Chicago Police Department audit reveals millions lost in overtime abuse and waste

Chicago Police Department audit reveals millions lost in overtime abuse and waste

The city’s police department has gone over budget for overtime every year for the past six years, costing Chicago taxpayers $575 million in spending for overtime pay.

An audit of the Chicago Police Department, or CPD, released Oct. 3 revealed poor overtime management that’s come with a heavy cost.

Conducted by the City of Chicago Office of Inspector General, or OIG, the report showed CPD’s overtime costs skyrocketed by more than $100 million over a six-year period to $146 million in 2016, up from $42 million in 2011. CPD outspent its overtime budget every year in the past six years, spending a total of $575 million – which is $218 million over the $357 million budgeted for overtime pay during that time period.

The OIG reviewed practices from 2014 through the first half of 2016, and the report shows CPD’s overtime process is wasteful and prone to error. And it’s not simply financial cost. Mismanagement threatens officers’ and the public’s safety, too.

The report put it in no uncertain terms: “CPD’s manual timekeeping process is costly, inefficient, and lacks operational controls that would curb unnecessary overtime expenditures and ensure accurate recordkeeping.”

The department currently employs 61 timekeepers as well as a support staff and an unknown number of officers who assist in timekeeping and data entry duties. CPD timekeepers cost city taxpayers an estimated $7.2 million annually.

Unfortunately, CPD has not fully automated its overtime processes, and this has lent itself to inefficiency and abuse.

The OIG report found more than 6,700 overtime entries that had been duplicated or overlapped, resulting in a potential extra cost to taxpayers of $1.1 million in mistaken payments.

Furthermore, the report documented several abuses through which CPD officers get overtime. “Trolling” is the practice of “actively pursuing situations that result in … overtime, such as … making an arrest at the end of a shift as a result of escalating a situation which would have been in the officer’s discretion to dismiss.” “Lingering” is staying longer in court than necessary to increase overtime pay, and “paper jumping” occurs when an officer asks to be included in an arrest report “despite having little or no involvement in the arrest, specifically for the purpose of earning overtime by being called to court.” And some officers even resort to designating themselves as DUI experts to earn overtime by going to court in place of other officers who initiated the given DUI arrest.

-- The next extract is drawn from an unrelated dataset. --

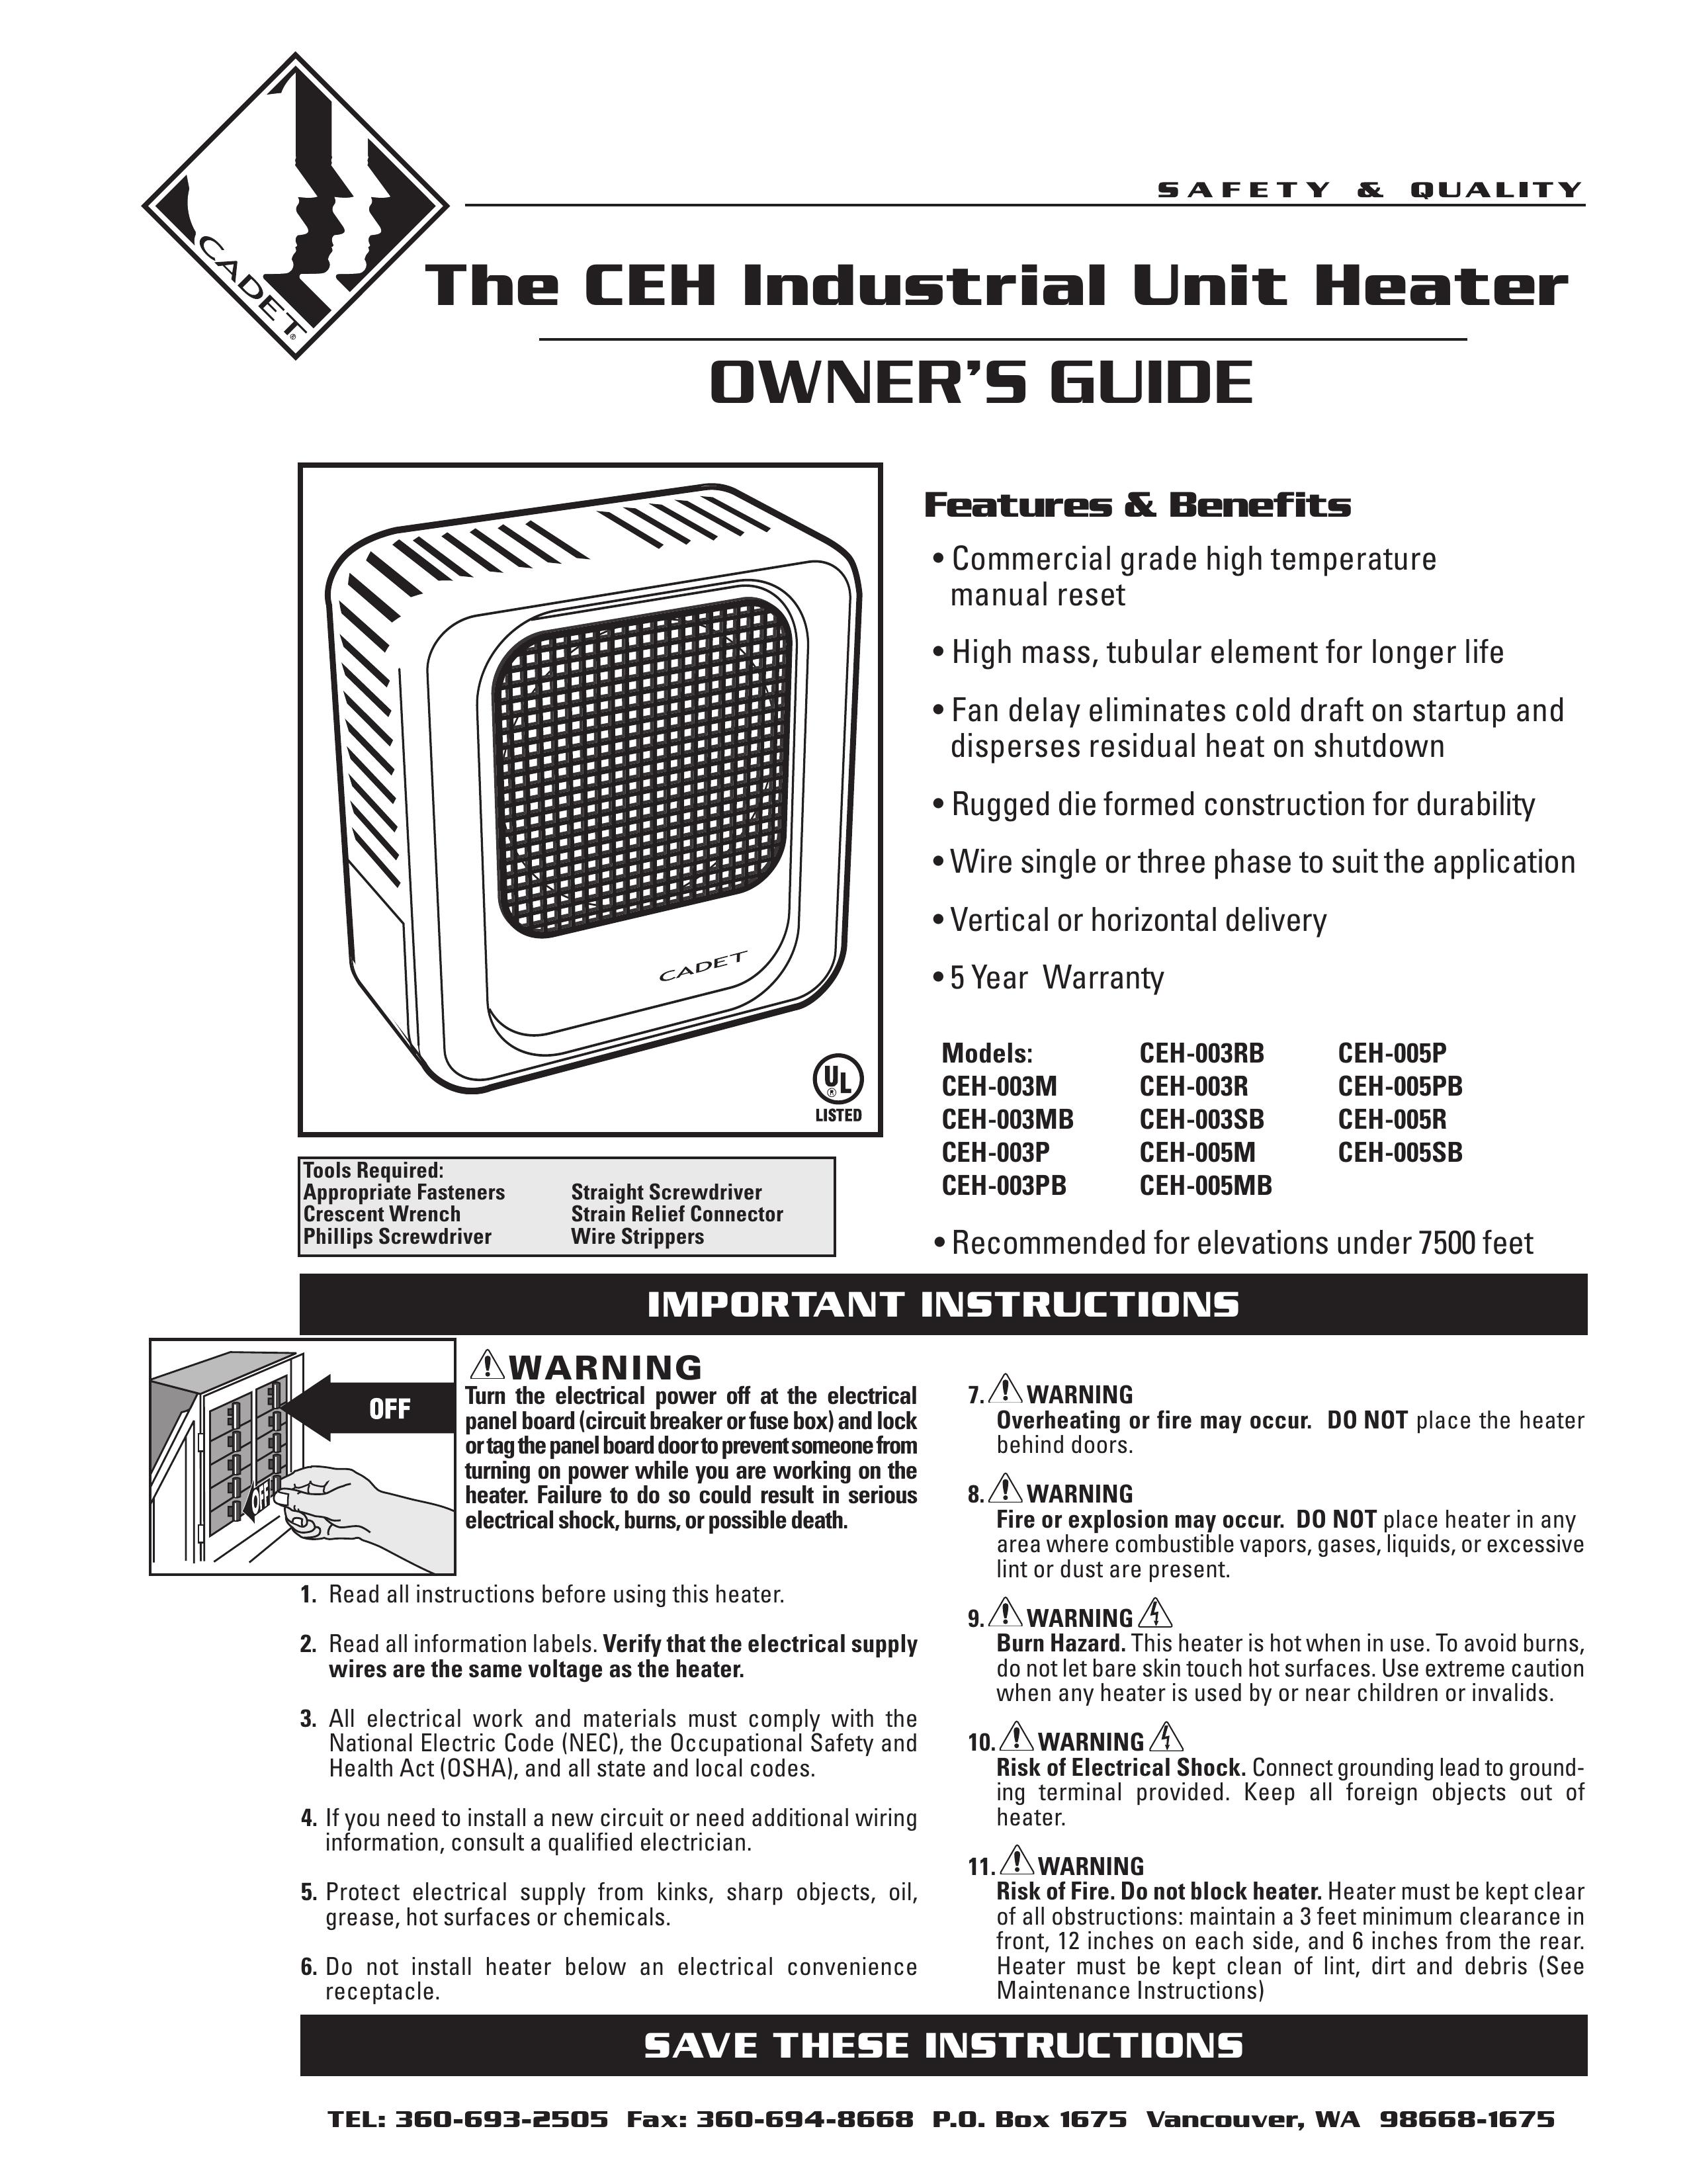 Cadet CEH-003SB Patio Heater User Manual

In addition to being inefficient and expensive, the way in which CPD stores its documents and information is irresponsible, using only hard copies to record $266.8 million worth of compensatory time. The OIG noted those records could not be re-created if the hard copies were damaged or destroyed.

The current overtime system also lacks transparency. The OIG estimates 99.4 percent of overtime reason entries are either left blank or given a generic reason code, which makes it hard to find out the details behind each instance of overtime to determine whether it was truly warranted. These kinds of overtime entries accounted for $225.5 million from 2014 through the first half of 2016.

And although CPD plans to fully implement an electronic overtime system by sometime in 2019, that may not be enough. Inspector General Joseph Ferguson stated that CPD also needs to change its culture around overtime.

“OIG remains concerned that CPD’s response to the audit does not fully embrace responsibility for actively managing overtime and related issues, such as fatigue,” Ferguson wrote in the OIG report. “CPD refuses responsibility for preventing officer fatigue by limiting overtime hours or secondary employment, stating instead that it is each officer’s responsibility to report to work fit for duty and to follow CPD’s directives.”

Ferguson is right that CPD’s overtime problems don’t just have financial implications. Police officers can only work so many hours before becoming severely fatigued. Police work requires alert, fully rested employees who can respond to any situation with professionalism and clear minds.

The report claims CPD management knows how bad the problem of overtime abuse is, but has failed to crack down on the practice. According to the OIG, CPD hasn’t updated its overtime compensation directives since 1994.

CPD’s leadership has an obligation to taxpayers to eliminate unnecessary overtime costs. In a city facing a budget hole worth some $260 million, every dollar must be spent appropriately.

The last thing Chicagoans need is overworked police officers who are unable to exercise sound judgment in the tense situations that can arise in the course of duty.

Chicagoans deserve more accountability and efficiency from CPD management.